Just then there was a knock at the door and some guy named DJ Daymitreeus sauntered in to say hi.
"So is this when the coke party breaks out?" I asked, again hoping for a kernel of debauchery. Strangely, his answer was no. There are apparently no sex or drugs at Laiola. Thing were starting to look less and less like a Lost episode.
Two women who worked on Chestnut and were therefore friendly with the staff were sitting to my left, enjoying the free leftover wine. "It starts earthy and finishes smooth," the blonde said. I had never actually heard anyone talk that way. The strange thing was that she was pretty cool. They both were. They reminded me of that blonde chick on Lost who seemed kind of shallow, but then fell for the Iraqi guy and got deep.
"Try it," the blonde's friend said to me, offering her glass. So I did. It tasted like red wine. I started to get excited about what the night would hold, all of us trapped in this smallish restaurant in the Marina with unlimited wine and endless conversation. But the trouble with "work talk" is that it is only interesting if you are one of the workers. Still, I tried to soak up as much as I could. I picked up on inside jokes and petty rivalries, or at least I thought I did. I might have been fantasizing. Besides I really couldn't hear a darn thing over the music.

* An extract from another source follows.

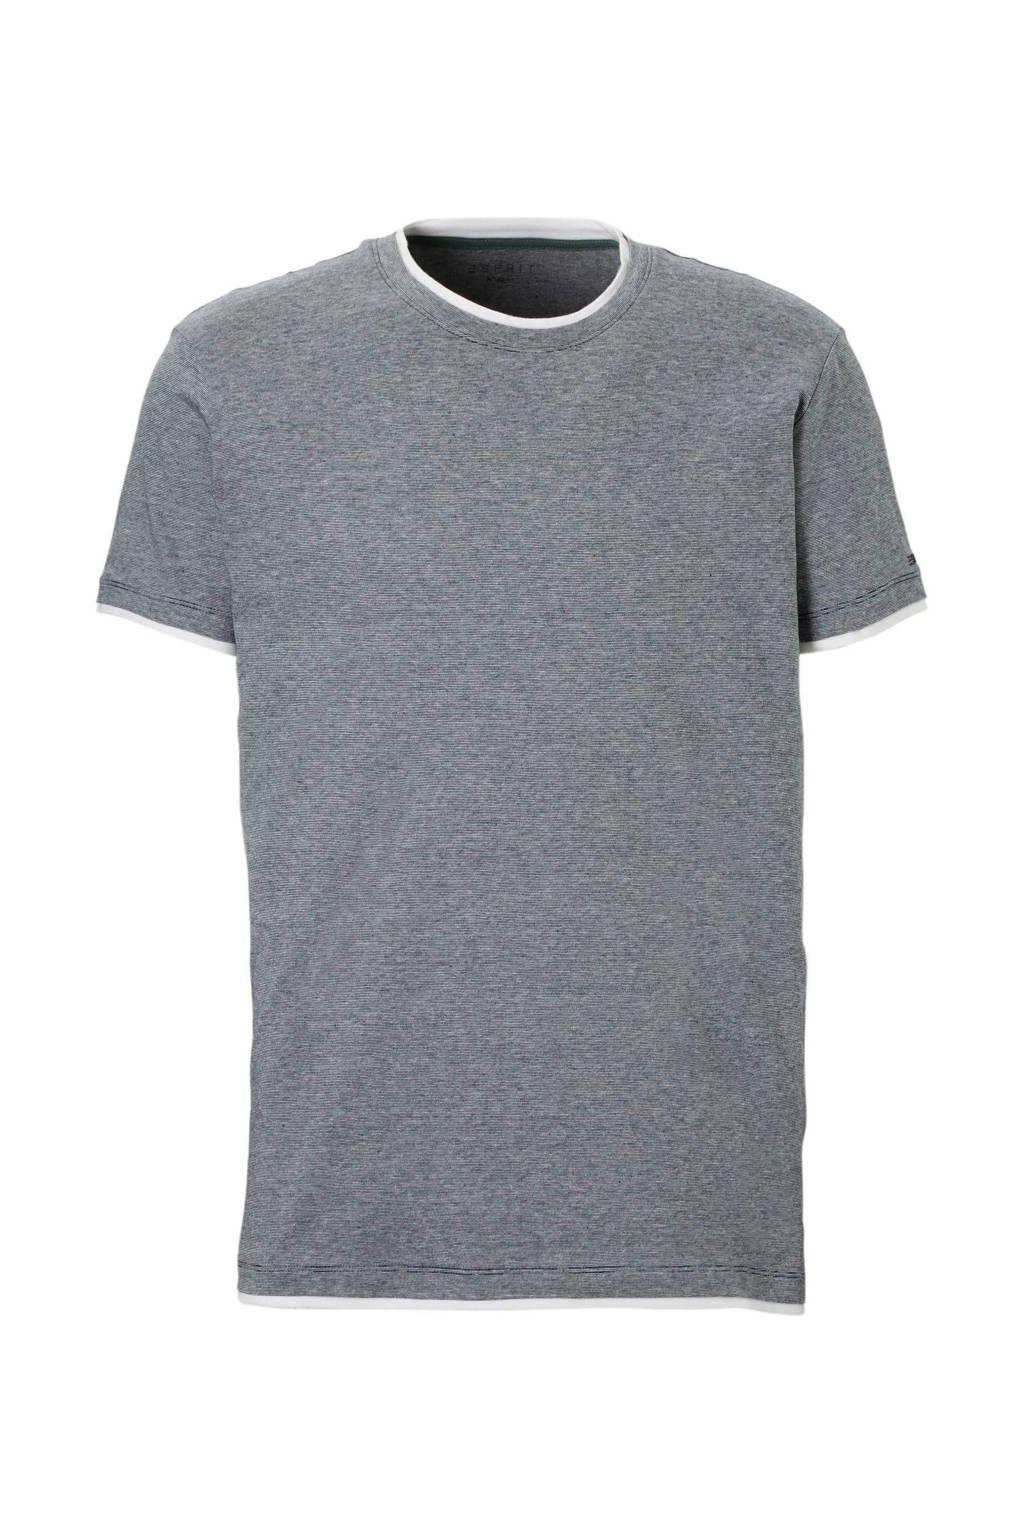 ESPRIT Men Casual T-shirt, Grijs melange

Mainly I became semi-obsessed with the food runner, who had a pencil-thin mustache, big '80s nerd glasses, and a Marc Jacobs T-shirt. Everything about him said Napoleon Dynamite. As it turned out, that is what Yelpers have dubbed him online. He didn't really have a Lost counterpart, dangit. He did seem to be the restaurant's unofficial mascot, though. Everyone's little brother. My little brother.
I was just getting ready to buy a bottle of wine for everyone when folks suddenly started putting on their coats and blowing out candles. It took all I had not to yell out, "Wait! The night is young! Let's play spin the bottle in the walk-in freezer!" but they all had somewhere to go. (This also, coincidentally, never happens on a desert island.) So no sex, no drugs, and everyone goes home at a decent hour. These guys needed an Anthony Bourdain refresher course.
"Okay, well, thanks!" was all I could come up with, sheepishly putting on my coat. I had a wistful feeling again for my old job, but then I remembered waking up in a booth on my 19th birthday covered in my own vomit and thought the better of it. The wine guy locked the door behind me, and I stepped back into the outside world.